What’s Going On In Mark Trail? How is Mark Trail not in jail? November 2020 – January 2021


I have no idea. In the current story Mark Trail’s stolen a speedboat and damaged a lot of rich people’s stuff. And knocked a man unconscious into the water. Some of this I can imagine getting cleared up. I don’t know how he’s not awaiting arraignment, though. Sorry.

So that catches you up on Jules Rivera’s Mark Trail for the end of January 2021. If you’re reading this after about May 2021, there’ll likely be a more up-to-date plot recap at a post here. I’ll also post any news about the strip there.

Mark Trail.

15 November 2020 – 31 January 2021.

The new Mark Trail had just got his first assignment in months. It’s investigating Happy Trail Farms for Teen Girl Sparkle magazine. He was freaking out about this assignment, down to not telling anyone what upset him. And by chance Kelly Welly stopped in town to mention how popular they are on the Internet, unlike Mark Trail.

Instagram Envy sends Mark Trail on a frenzy of doing little web features for Teen Girl Sparkle. Editor Amy Lee likes it. And his natural enthusiastic squareness works for readers too, a thing I can see. But that’s a side line to getting to Florida and meeting Jolly Roger.

Frankie, boating Mark Trail up to a bunch of ripples in the swamp: 'We're here.' Mark Trail: 'Jolly Roger is here? Where?' Roger bursts up from under the water, holding a python. Mark: 'Oh, wow! Jolly Roger, it's Mark. It's been a while. How are you, Jolly?' Roger, putting the snake in a cage: 'Not too bad ... ever since your father stole my farm.'
Jules Rivera’s Mark Trail for the 11th of November, 2020. So you’re either amused by the snake’s ! word balloon in the second panel there or you hate it, and I imagine that defines whether you like Rivera’s strip or not. Me, I wonder what the strip looks like in black-and-white, if any newspapers are running the dailies without color.

Or re-meeting Jolly Roger, who’s been a python hunter ever since losing his farm. Mark gets bitten by a python, while trying to find a Burmese python, and asks immediately whether the snake’s all right. It’s part of what convinces Roger’s partner that this Mark Trail they can trust.

Meanwhile Cherry Trail, with Rusty, are also driving to Florida. He has a homework project of making a family tree. It’s not at all suspicious how convenient this is. Cherry was driving to see her family. And she reveals that the woman she’s told Rusty was her aunt is in fact her mother. They drive to an RV park. We meet Cherry’s younger stepsisters, Olive and Peach Pitt. Cherry says she’s not there to dredge up the past, but to talk. Olive wants to know things like was she ever going to mention she had a son? The reunion turns into a brawl immediately.
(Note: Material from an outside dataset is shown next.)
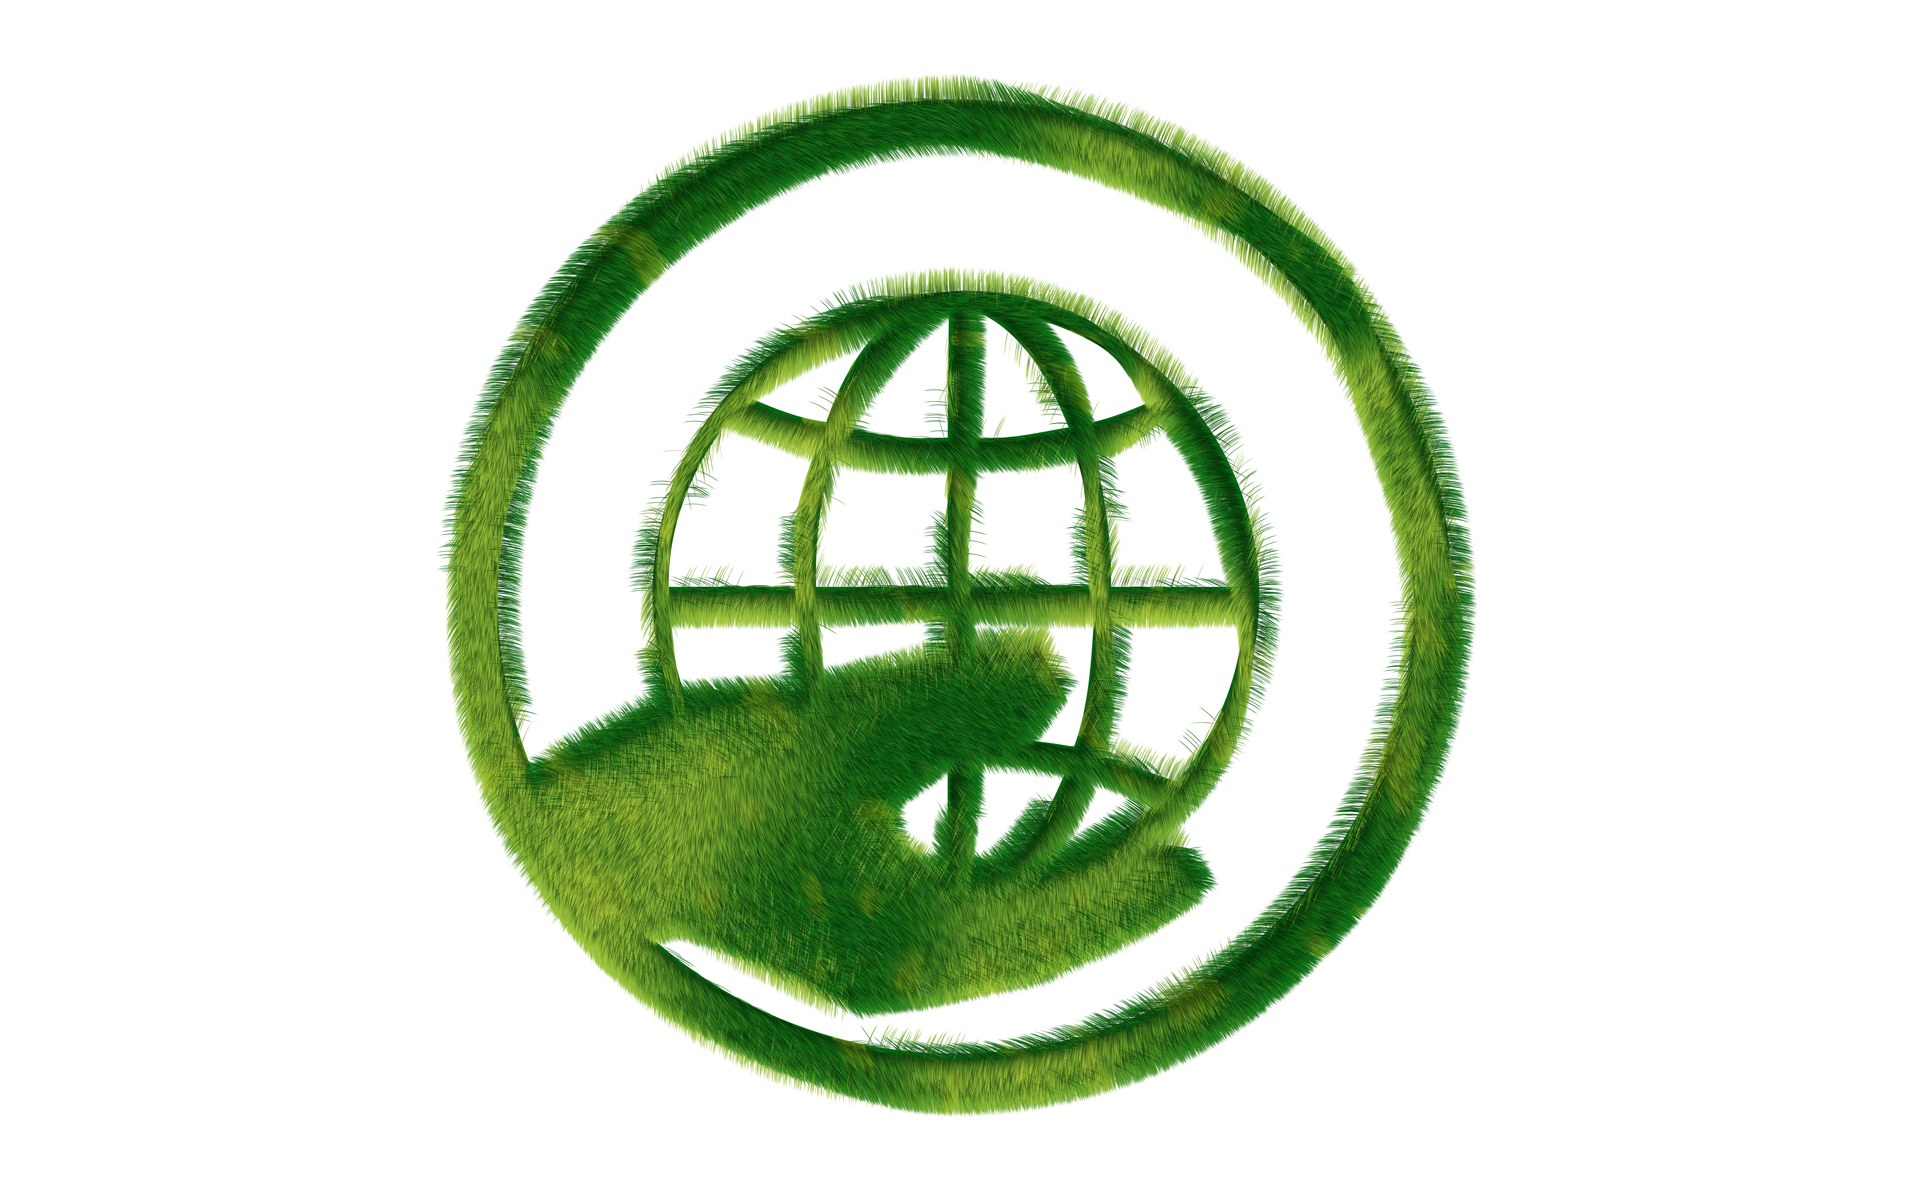 壁纸1920x1200 地球生态 草地组成的绿色环保标志图片 1920 1200壁纸 绿色和平环保标志-循环利用壁纸 绿色和平环保标志-循环利用图片 绿色和平环保标志-循环利用素材 插画壁纸 插画图库 插画图片素材桌面壁纸

Back on Mark Trail. We get Jolly Roger’s story. Mark’s father, Happy Trail, had a deal for his neighbor and friend Roger. Sign over his farm to the Happy Trail Farms trail-mix company for a share of the revenue. All right. In practice, Happy Trails used Roger’s farm for fertilizer runoff. Algae filled the nearby ponds. Roger brought his case to the media. It stirred up controversy. Roger is a Black man going up against a wealthier white man with a corporation. So that hasn’t been happy for him.

Roger, narrating flashbacks: 'I contacted the media. That's when things got ugly.' (Roger speaking with a news reporter.) 'The protest started outside the farm ... ' (Protest march outside Happy Trails Farm.) 'My family faced a backlash of hate ... ' (Roger's family looking at a smashed up and graffitied van with N-something and GO AWAY sprayed across it.) 'And for the last 13 years ... I've been trying to get my farm back.'
Jules Rivera’s Mark Trail for the 17th of December, 2020. The van in the third panel hit me particularly. It’s a more direct and intense thing than goings-on with, like, Jolly Roger laughing at having caught a python.

All Mark Trail can do is apologize. For not doing anything to stop his father. Also for running away, which confirms the meaning of a flashback we’d seen in October. Mark says how he was “old enough to fight for my country, but I didn’t fight for my friend”. It’s an interesting mention. When the comic strip started in 1946, Mark Trail was, as you’d expect for his age and physical condition, a veteran. Whatever else might be getting retconned or revised, that was kept.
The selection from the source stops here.